Limitar-se-á, como sucedeu, a identificar o eventual transmissário e a informar o trabalhador de que o seu contrato continuará com o novo empregador. No caso dos autos a ZZ na carta referida no facto 14 afirmou ao Autor que “não resultam quaisquer consequências de maior ou substanciais em termos jurídicos, económicos ou sociais para V. Ex.ª porquanto lhe é garantida a manutenção de todos os seus direitos, designadamente, a manutenção de antiguidade, de retribuição, e da categoria profissional em que se enquadra” (ver também a asserção contida na carta mencionada no facto 19: “Informamos que V. Ex.ª mantém na íntegra, por força da lei, todos os seus direitos, regalias, antiguidade e categoria profissional, pelo que em caso de incumprimento pela empresa WW, deverá dar imediatamente conhecimento desta situação à Autoridade para as Condições do Trabalho (ACT) e/ou ao seu Sindicato”).
Como é sabido, esta “garantia” vale o que vale: se das regras da transmissão de unidade económica resulta a manutenção do contrato de trabalho com o mesmo empregador e a preservação dos direitos do trabalhador, tal não impede que o novo empregador venha a tomar no exercício dos poderes que a lei lhe faculta medidas que podem revelar-se gravemente prejudiciais para o trabalhador – no limite fazer cessar o contrato por extinção do posto de trabalho – ou que venha a não respeitar a lei e os direitos do trabalhador.
Em suma, em casos como este o que é proposto ao trabalhador é um “salto no escuro”, sem qualquer outra informação que não seja a da mera identidade do eventual transmissário.
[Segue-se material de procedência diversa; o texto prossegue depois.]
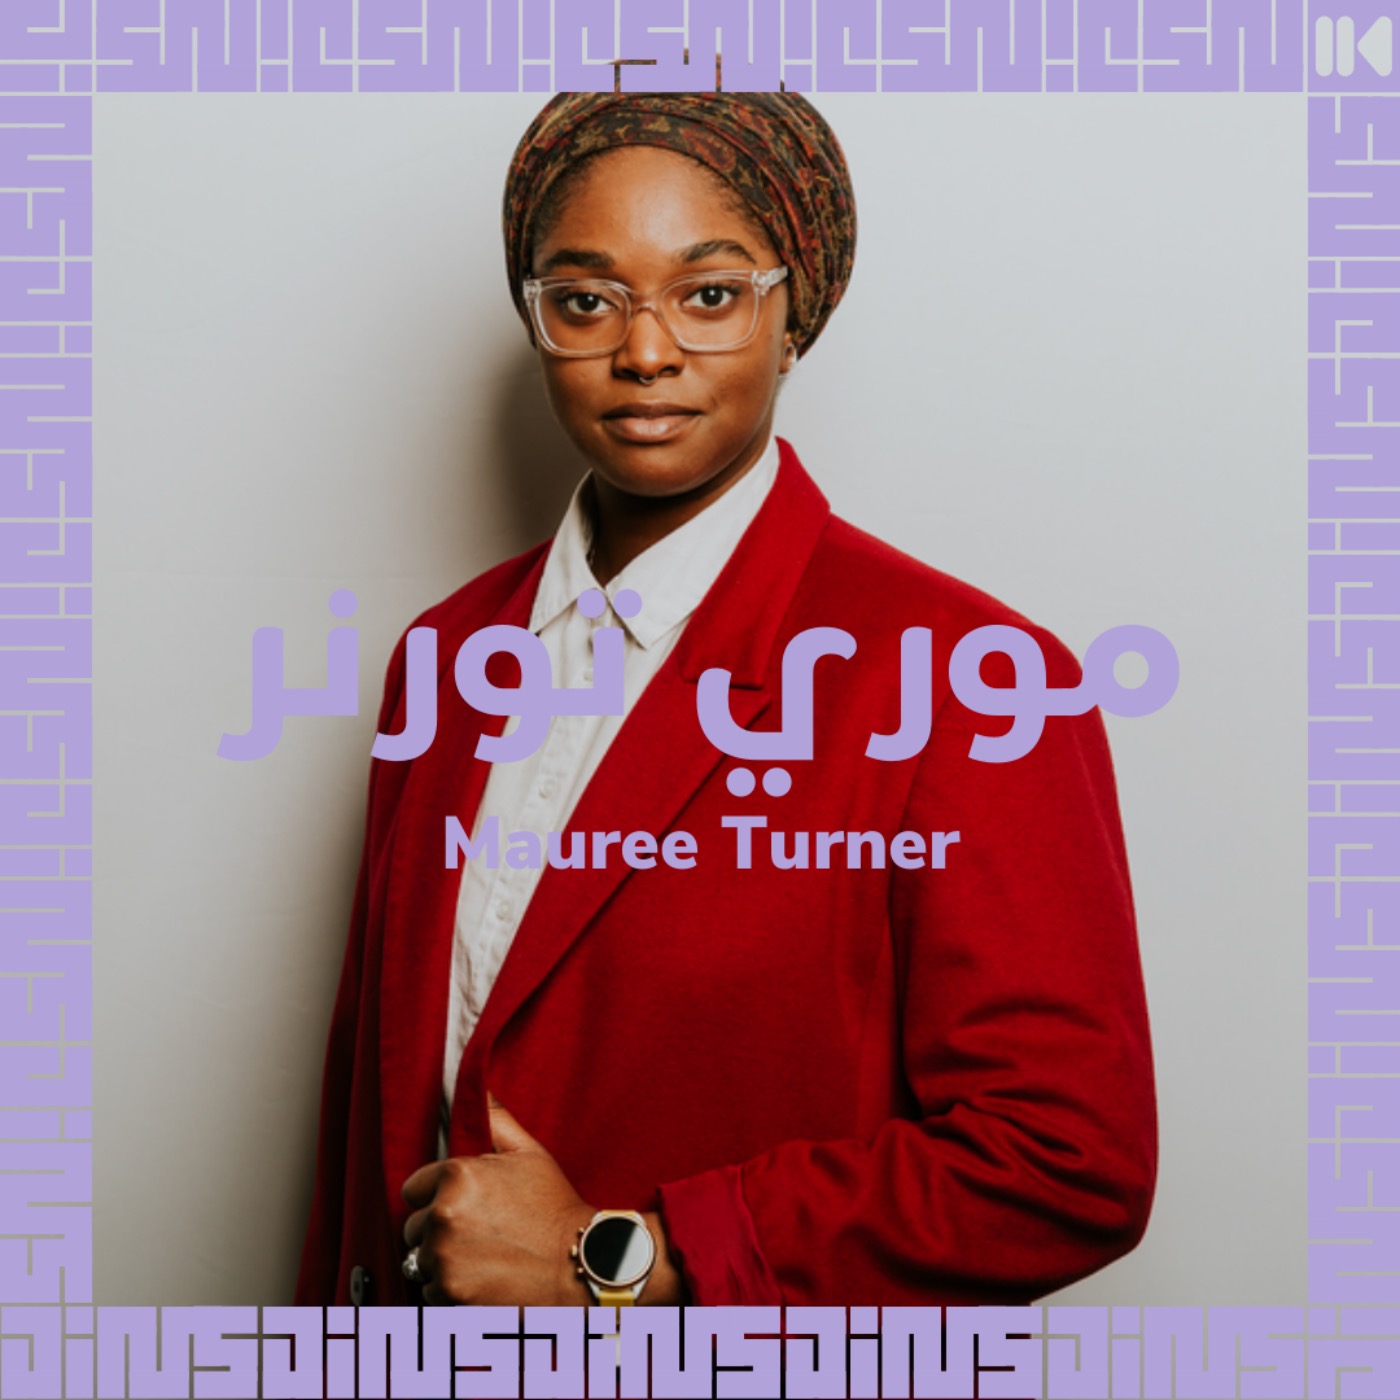 EP 16 : Being an intersectional person in politics - with Mauree TURNER - 🇺🇸

À carta referida no facto 14 o trabalhador respondeu exercendo o direito de oposição e apresentou o seguinte fundamento: “não tenho qualquer motivação profissional ou pessoal para sair da empresa que tanto confio e onde presto serviço há tantos anos, querendo-me manter como funcionário da ZZ”.
As instâncias consideraram insuficiente o motivo aduzido.
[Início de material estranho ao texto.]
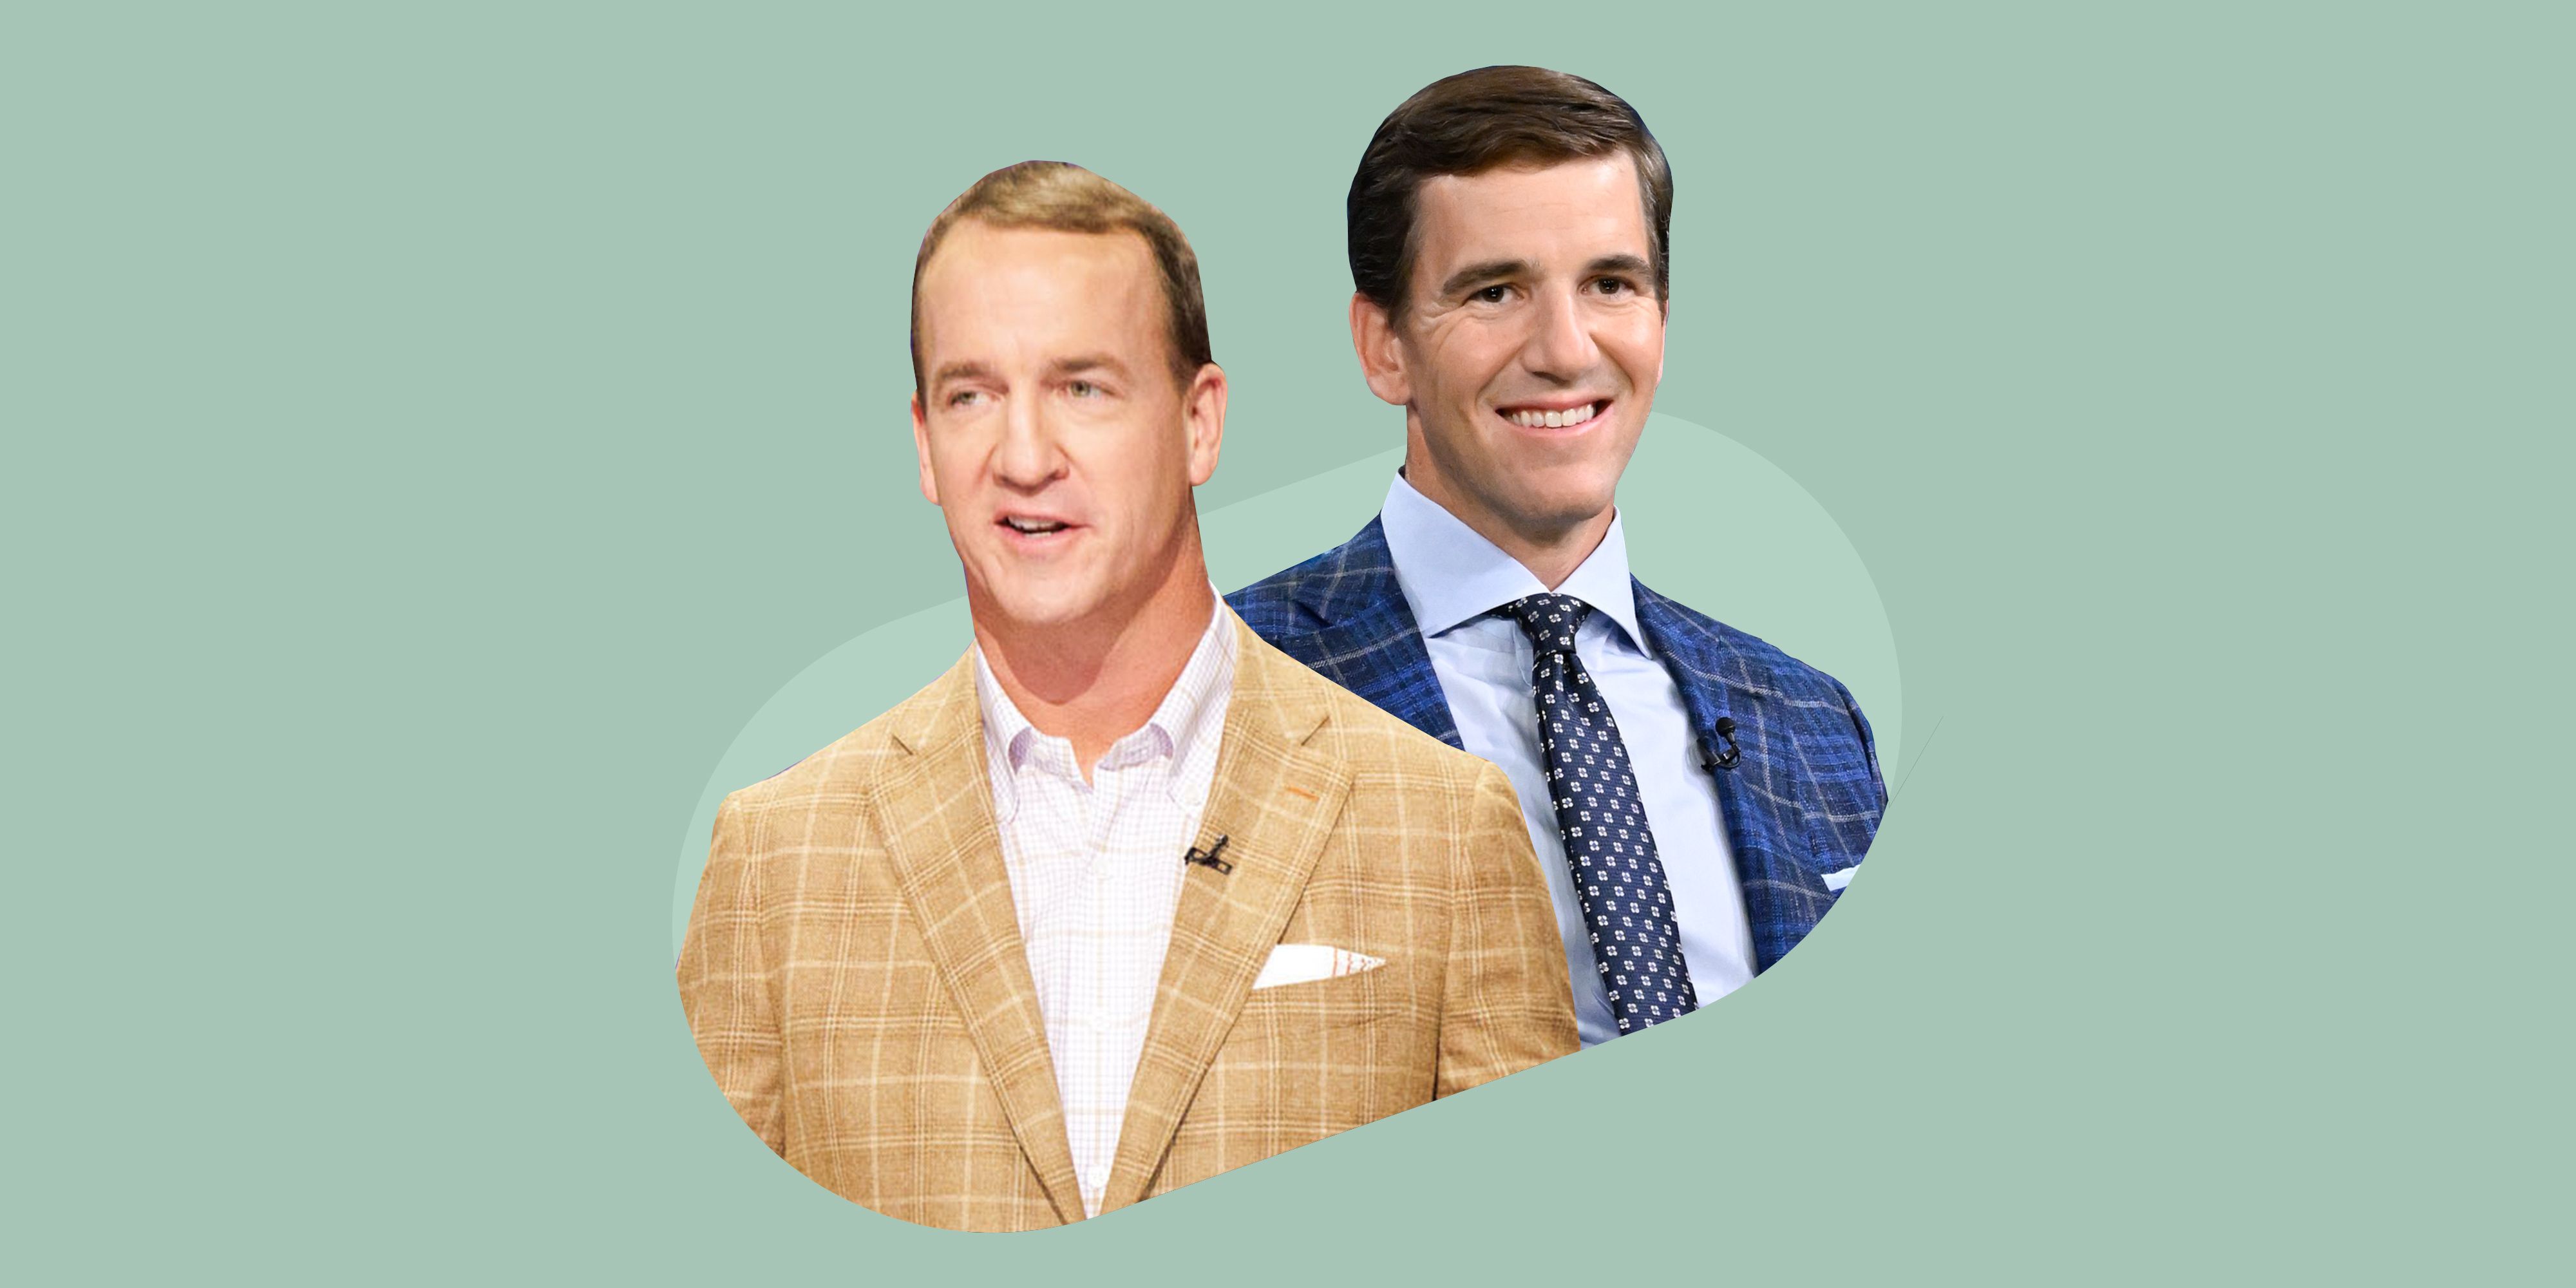 monday night football with peyton and eli television show

No entanto, a densidade do motivo invocado tem que ter em conta a informação prestada ao trabalhador, o que lhe era conhecido e cognoscível. Tudo o que o trabalhador conhecia no caso dos autos, reitera-se, era a identidade do eventual transmissário. O temor de que a transmissão lhe causaria prejuízo sério fundamentava-se em que o trabalhador confiava no seu empregador, a 1.ª Ré, que conhecia há muitos anos, mas não confiava na 2.ª Ré da qual, aliás, nada sabia nem tinha a obrigação de saber. Ter o grau de exigência das instâncias quanto ao fundamento a apresentar pelo trabalhador, em casos como o presente em que este não recebeu qualquer informação, designadamente sobre as medidas projetadas pelo novo empregador em relação aos trabalhadores abrangidos pela transmissão, significa, na prática, esvaziar o direito de oposição, o qual dificilmente poderá ser exercido, a não ser em casos excecionais (imagine-se que o transmissário já andava na “boca do mundo” por conflitos laborais ou não pagamento de salários) e converter-se-á, assim, em uma ilusão.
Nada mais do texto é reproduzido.